Error in try(if (length(which(opt == "")) > 0) stop("Missing arguments")) : Missing arguments 48567 samples have been used to fit the glmm null model variance Ratio is 0.98 49998 sample IDs are found in sample file [1] 49998 4 [1] "IID" "IndexInModel" "IndexDose.x" "IndexDose.y" 48567 samples were used in fitting the NULL glmm model and are found in sample file minMAC: 3 minMAF: 0 Minimum MAF of markers to be testd is 3.09e-05 Analysis started at 1.54e+09 Seconds Open VCF done To read the field GT Number of meta lines in the vcf file (lines starting with ##): 4 Number of samples in in the vcf file: 49998 isVariant: TRUE It is a binary trait Analyzing 6650 cases and 41917 controls user system elapsed 20.8 3.9 23.1 [1] 2 numPassMarker: 0 user system elapsed 20.83 3.91 23.18 [1] 4 numPassMarker: 1 user system elapsed 20.88 3.91 23.25 [1] 6 numPassMarker: 2 user system elapsed 20.93 3.91 23.30 [1] 8

weizhouUMICH commented 4 years ago

Hi @IoannaTach,

It seems the association tests shown in your log file were run successfully. The error message is because that some arguments were not specified in the wrapper R script, which does not affect the actual SAIGE functions.

Thanks! Wei

oalavijeh commented 4 years ago

@IoannaTach I have been having similar trouble when I try and use a subset of specimens (its works if I use everyone the GRM was fitted to). I corrected the IDs from my plink file but still get the same error.
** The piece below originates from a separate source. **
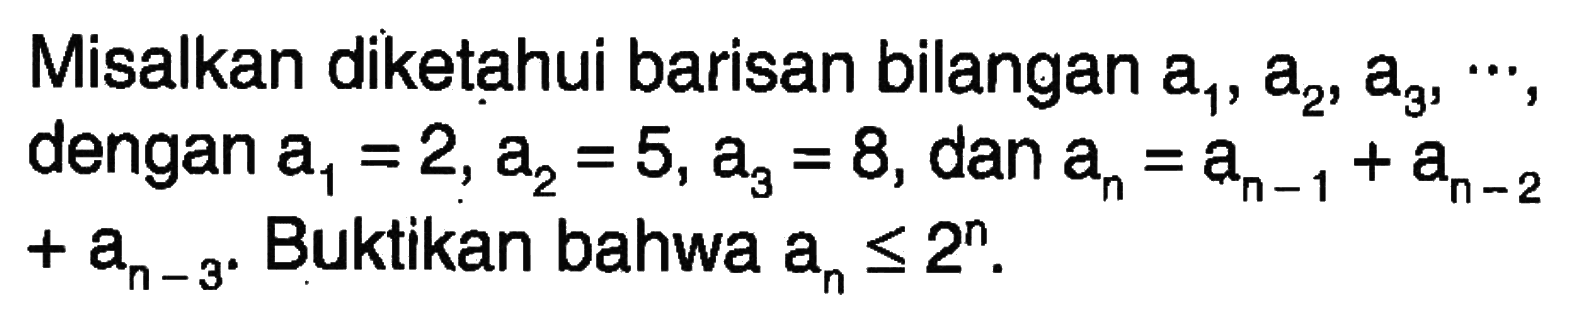 Misalkan diketahui barisan bilangan a1, a2, a3, ..., dengan a1=2, a2=5, a3=8, dan an=a(n-1)+a(n-2)+a(n-3). Buktikan bahwa an<=2^n.

Out of interest did your .fam file have 0/1 for phenotype or 1/2?

Many thanks

AfzalBioinfo commented 3 years ago

On 2nd Step, we tried to run the below command with our data of index file and input file

Rscript step2_SPAtests.R --vcfFile=./input/plate_1_to_6.vcf.gz --vcfFileIndex=./input/plate_1_to_6_dec_rec_ped_bprob.vcf.gz.tbi -- vcfField=GT --chrom=chrX --minMAF=0.0001 --minMAC=1 --sampleFile=./input/plate_1_to_6_dec_rec_ped_bprob_samples.txt --GMMATmodelFile=./output/plate_1_to_6_dec_rec_ped_bprob_pheno_step1.rda --varianceRatioFile=./output/plate_1_to_6_dec_rec_ped_bprob_pheno_step1.varianceRatio.txt --SAIGEOutputFile=./output/plate_1_to_6_dec_rec_ped_bprob_pheno_step2.SAIGE.vcf.dosage.txt --numLinesOutput=2 --IsOutputAFinCaseCtrl=TRUE

We are getting below error:

weights.beta.rare is 1 25 weights.beta.common is 1 25 cateVarRatioMinMACVecExclude is 0.5 1.5 2.5 3.5 4.5 5.5 10.5 20.5 cateVarRatioMaxMACVecInclude is 1.5 2.5 3.5 4.5 5.5 10.5 20.5 single-variant association test will be performed Garbage collection 14 = 8+2+4 (level 2) ... 79.1 Mbytes of cons cells used (59%) 19.8 Mbytes of vectors used (31%) 414 samples have been used to fit the glmm null model [1] "Leave-one-chromosome-out is not applied" Single variance ratio is provided, so categorical variance ratio won't be used! variance Ratio is 0.9662084 isCondition is FALSE Open VCF done To read the field DS Number of meta lines in the vcf file (lines starting with ##): 61 Number of samples in in the vcf file: 414 Variant is missing requested data format type. 414 sample IDs are found in the vcf file Error in SPAGMMATtest(vcfFile = opt$vcfFile, vcfFileIndex = opt$vcfFileIndex, : ERROR!414 samples used in glmm model fit do not have dosages Execution halted

If anyone can help us to solve this error.